I have also cooked up a plan to transform a 14 acre area, otherwise known as the Gulch, into the Atlanta International Sports Gateway. I could use a hand this whale of a project, so let me know if you want to help! The project basically involves the following..

• Professional venues would be inserted
into a parking deck that extends from the current
facility under the surface park at the dome.
• The parking deck would hide beneath a park that would entirely cover the top level of the deck structure, similar to the park between the Dome, Philips Arena, and the Ga World Congress Center.
• Each venue would rise 2-3 stories above the level of the
surface park.
• Tennis for Davis Cup, Track & Field by the AUC,
Football-Soccer-Rugby-Lacrosse multi-use venue- host
to future GSU Football team, Atlanta Silver-backs
Soccer, Georgia’s Div. 1 National rugby teams, and
college lacrosse tournaments.
• The deck would house covered basketball courts, tennis
courts, velodrome, criterium track, and a ground level skate/bmx park.
• Visually, it would blend with Centennial Park as well as
the existing park at the Dome.
• Connect to GSU via underground viaduct following
Wall St.

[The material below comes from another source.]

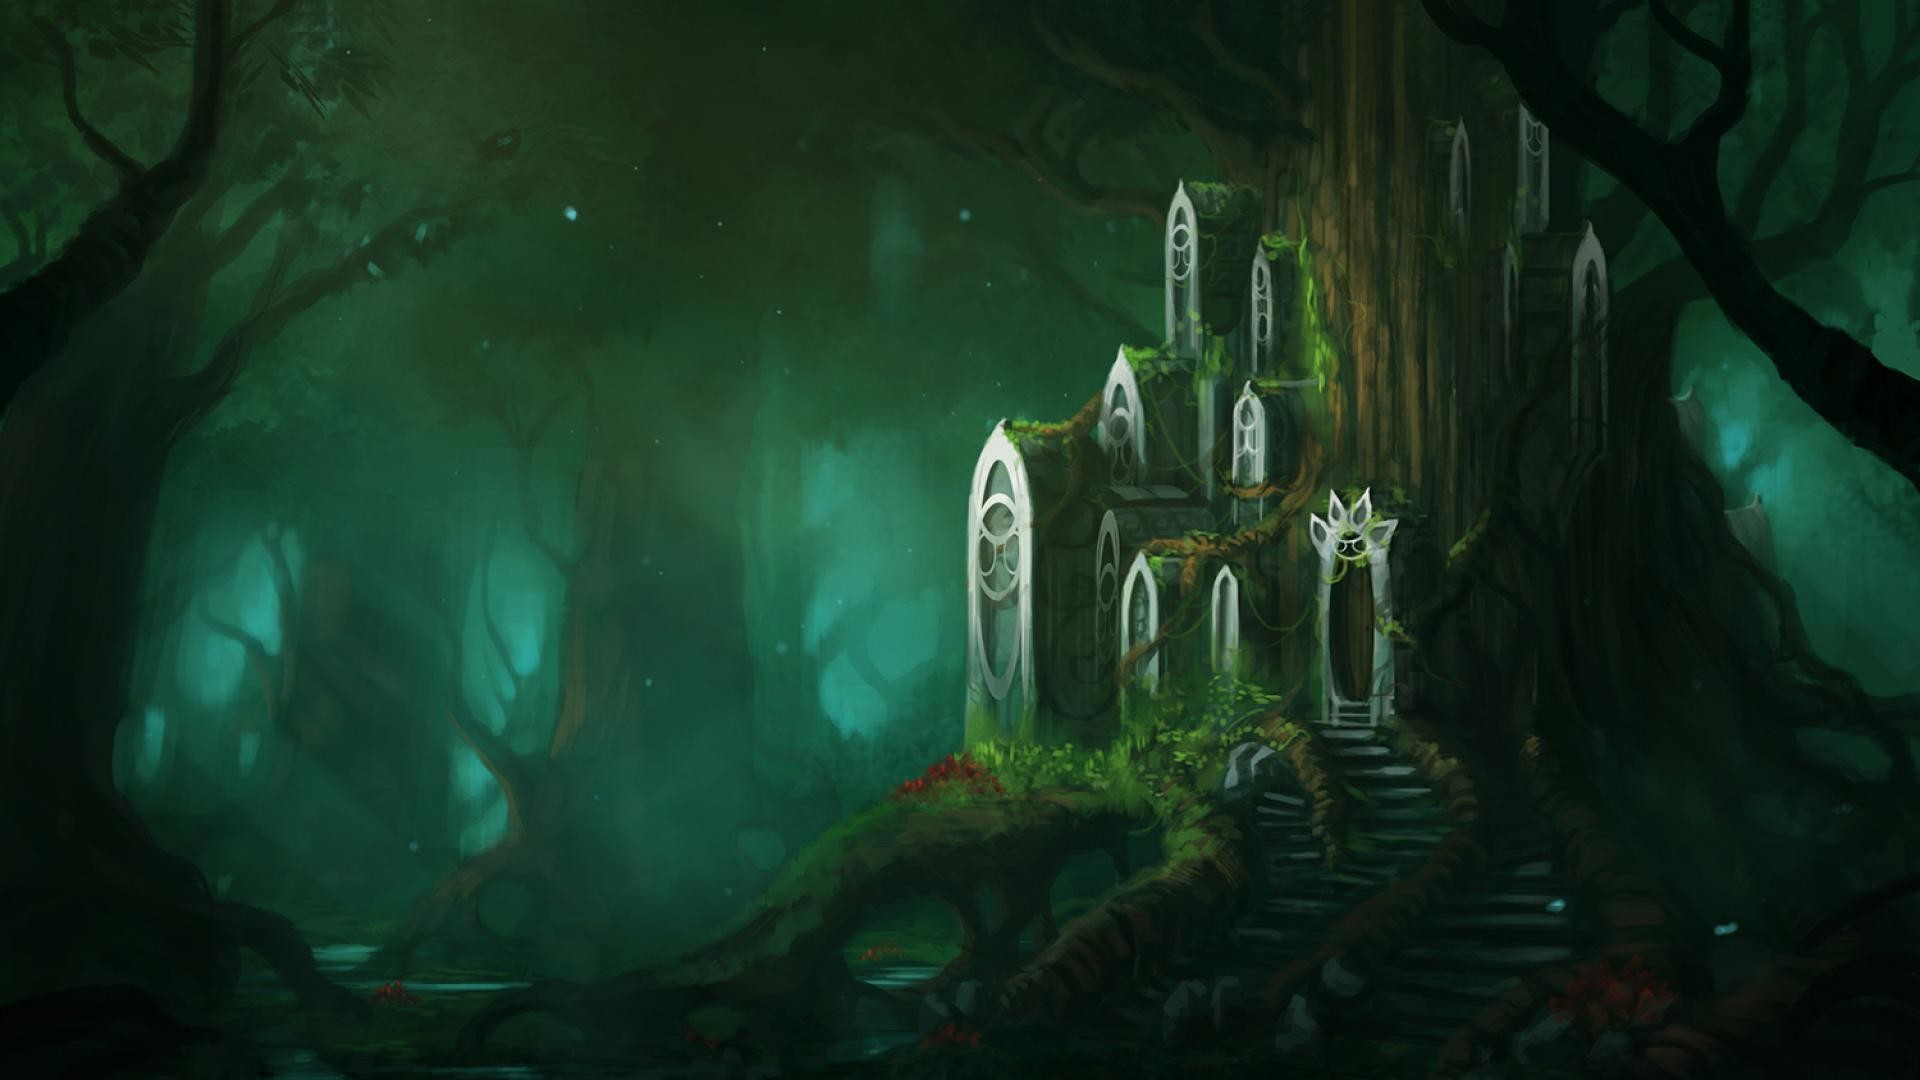 Fantasy Forest Wallpaper Download 13126 Full HD Wallpaper Desktop .

Connect to Centennial by redevelopment
of Spring-Marietta-Techwood garage -
the Gateway to the site. Wide pedestrian footbridges
connect to the AUC.

I was also trying to get a better solution implented for our traffic problems. They have been using, literally, designs from the mid1980's to the early 1990's to alleviate the snarl we exist in. I am pitching a two block "round about" that would completely improve the gridlock in our nieghborhood. Here is a diagram.


Besides that I have been doing CrossFit at my friends new gym, reading some books, and trying to stay on top of my life!

Merry Christmas and Happy New Year.


All the best..

Beau..

aka.. Samwise “Lizard” Gamghee, el mosquito bandito del pescadors..
Sam really was the only reliable Hobbit.